SMT techniques (was Re: group buy for homebrew CPUs?)
Don
THX1138 at dakotacom.net
Sat Aug 12 12:15:30 CDT 2006
Dave McGuire wrote:
> Ethan Dicks wrote:
>> I _have_ thought about that for replacement -8/L and -8/i boards -
>> design a simple board with, say, 4 to 6 16-pin SO pads and decoupling
>> caps and a dual row of jumper pads to cross-connect the edge fingers
>> to the various chip pads to be able to replicate, say, an M111 vs an
>> M117. The "problem" is that I doubt you could get real TTL (not
>> LS-TTL) parts in SO. I haven't experimented with replacing TTL with
>> LS parts in any of my -8s, so I don't know if there would be any
>> issues or not. So far, I've always had enough of the right things on
>> hand when I go to replace a chip on an M-series module.

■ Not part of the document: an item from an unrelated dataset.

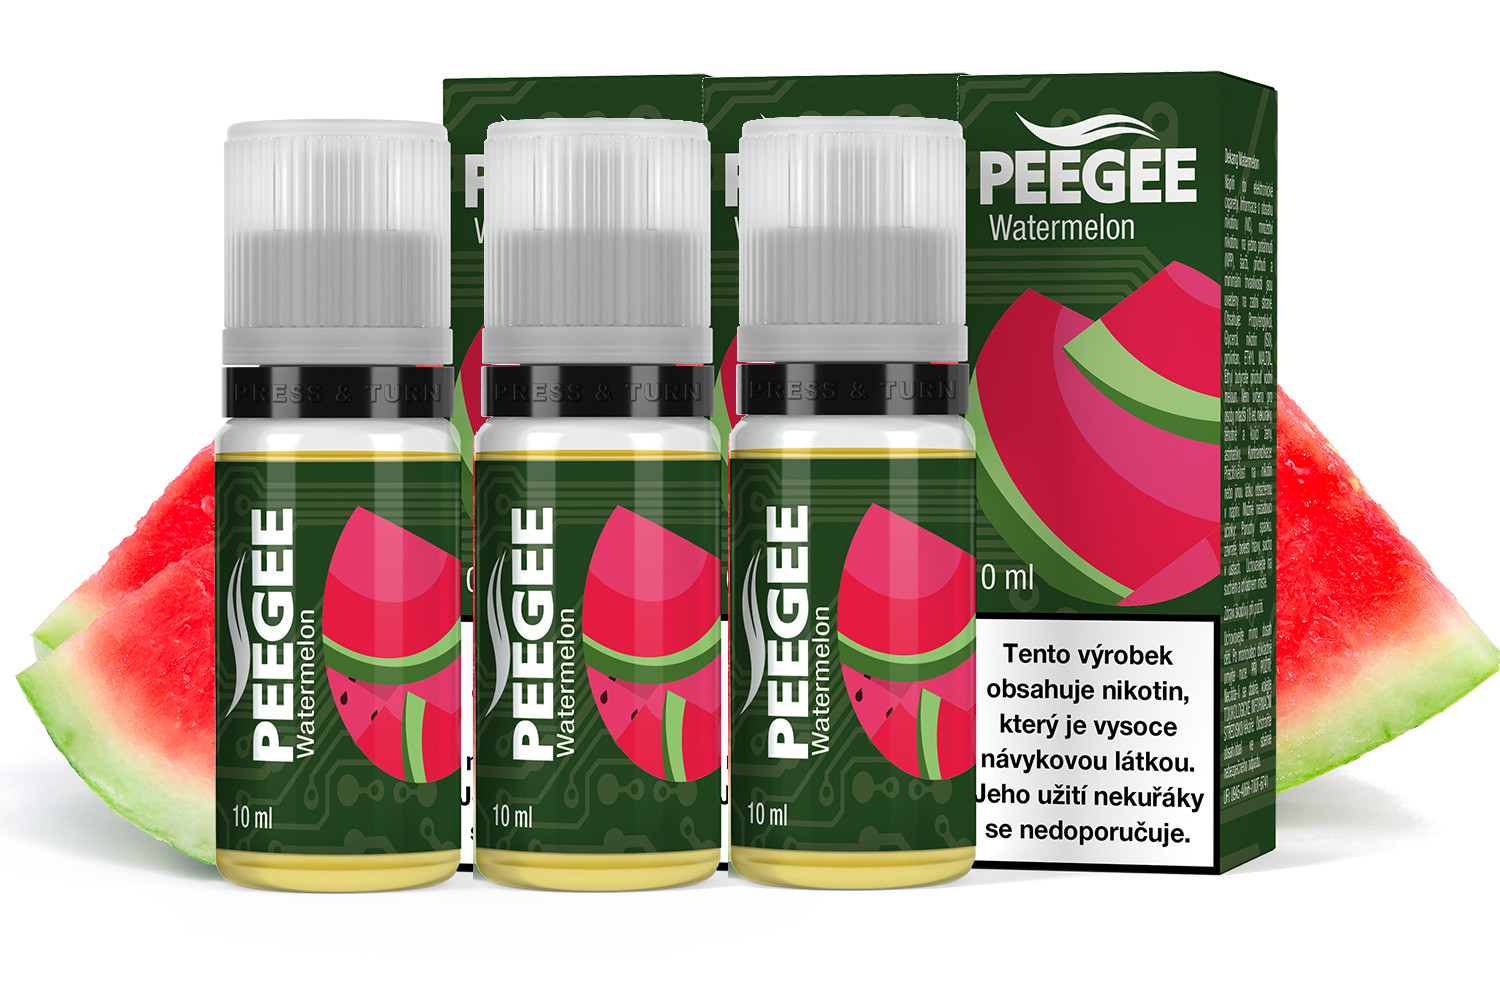 PEEGEE - Vodní meloun (Watermelon) 3x10ml Obsah nikotinu: 12mg

I would think
>> that the dimensions could be on the order of 2 x the size of just the
>> area of the fingers.
>>
>> The advantage, of course, is that it would be easy to make a large
>> number of these on one PCB panel, reducing per-unit costs. Using one
>> (or maybe two at most) base designs would also help quantity issues.
>> You could sit down one day and make a stack of a dozen M111s, then
>> make two dozen M113s the next day with the same PCB; just add the
>> right SO-parts and configure the jumpers in the right order, and there
>> you are.
>
> A variation on this theme might be to build a very small number of
> different types of boards, but with a CPLD on each one...a small, cheap
> one like a Xilinx XC9536 (something like $3/ea qty. 1)...then have a
> JTAG connector on each board, and squirt the "personality" into the
> board that way. I've not had a chance to work closely with
> FlipChip-based machines (unfortunately) so I don't know how much
> consistency there is on things like power pins and such, so I don't know
> if this'd be practical, but I think it's an interesting idea.

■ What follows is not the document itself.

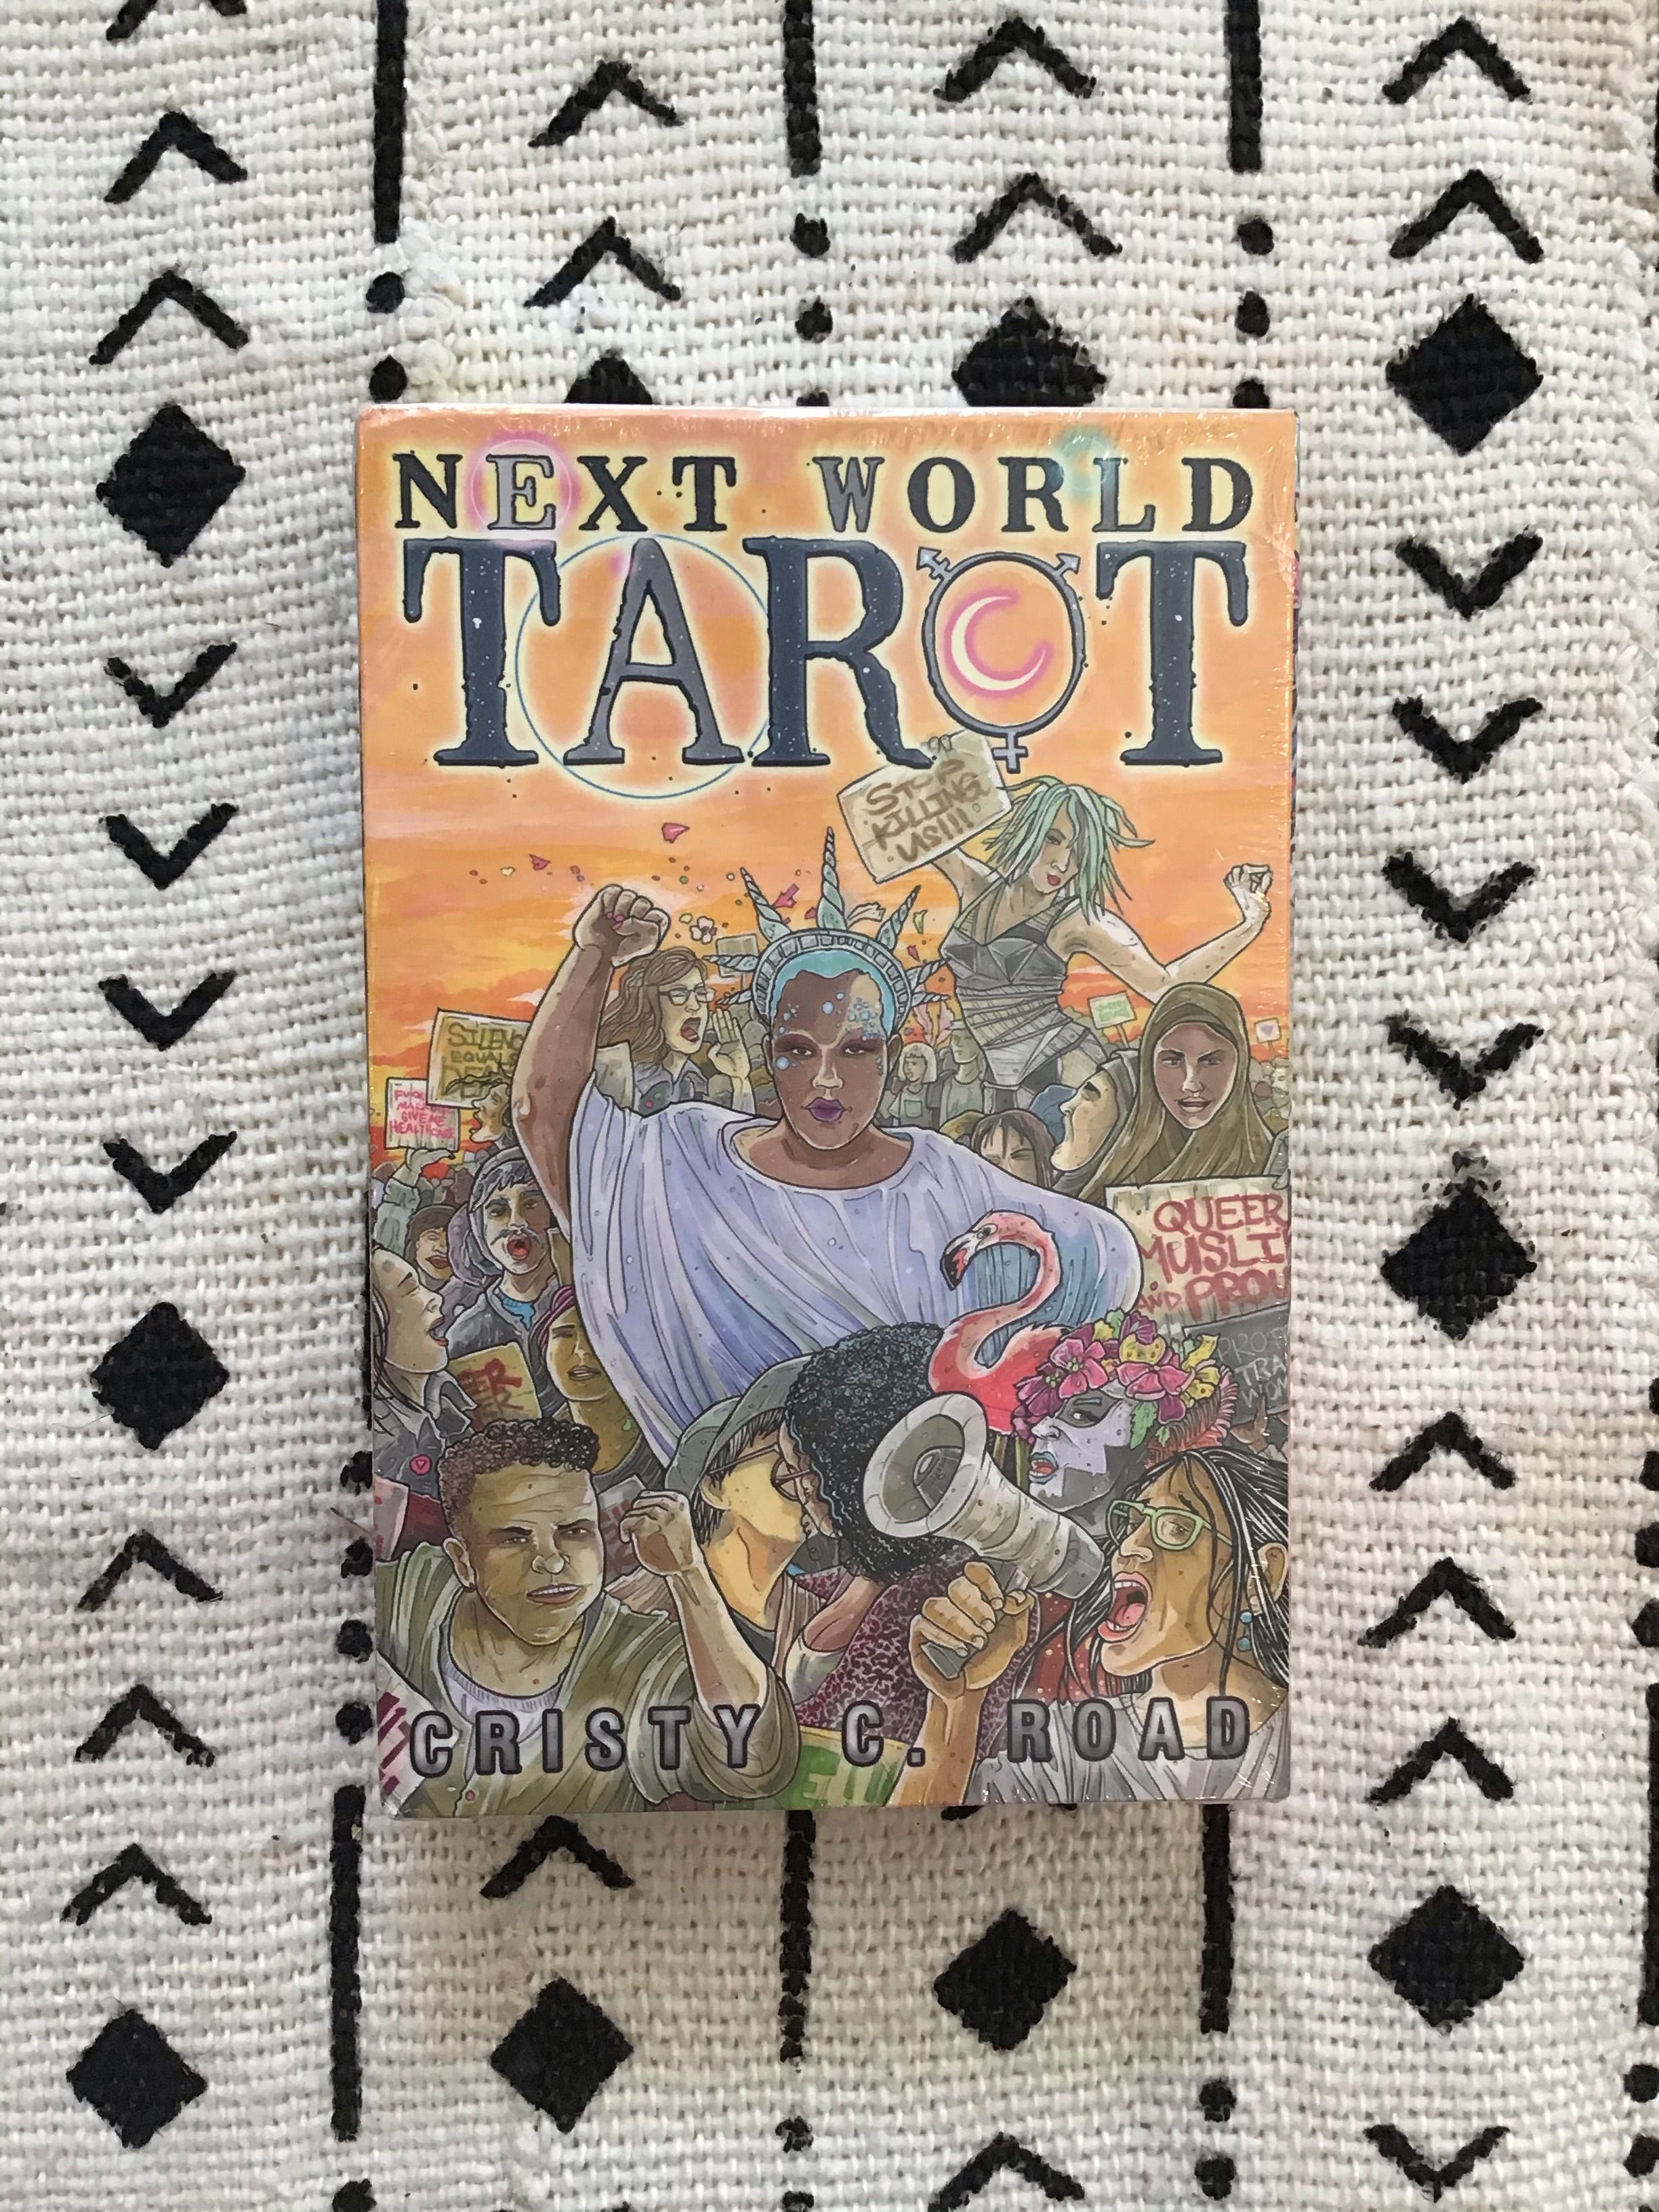 Next World Tarot by Cristy C. Road.

I think that skirts the appeal of a *real* "miniture PDP".
E.g., why not just do the whole design in an FPGA? It would
be a pretty boring accomplishment... :-(
OTOH, having the exact same design done in "miniature
technology" would be cool!
I've a friend who had a miniature pinball machine (intended
as a "bar top" device). Roughly 10"x24" with everything
scaled down (and made in stainless!). *That* was cool!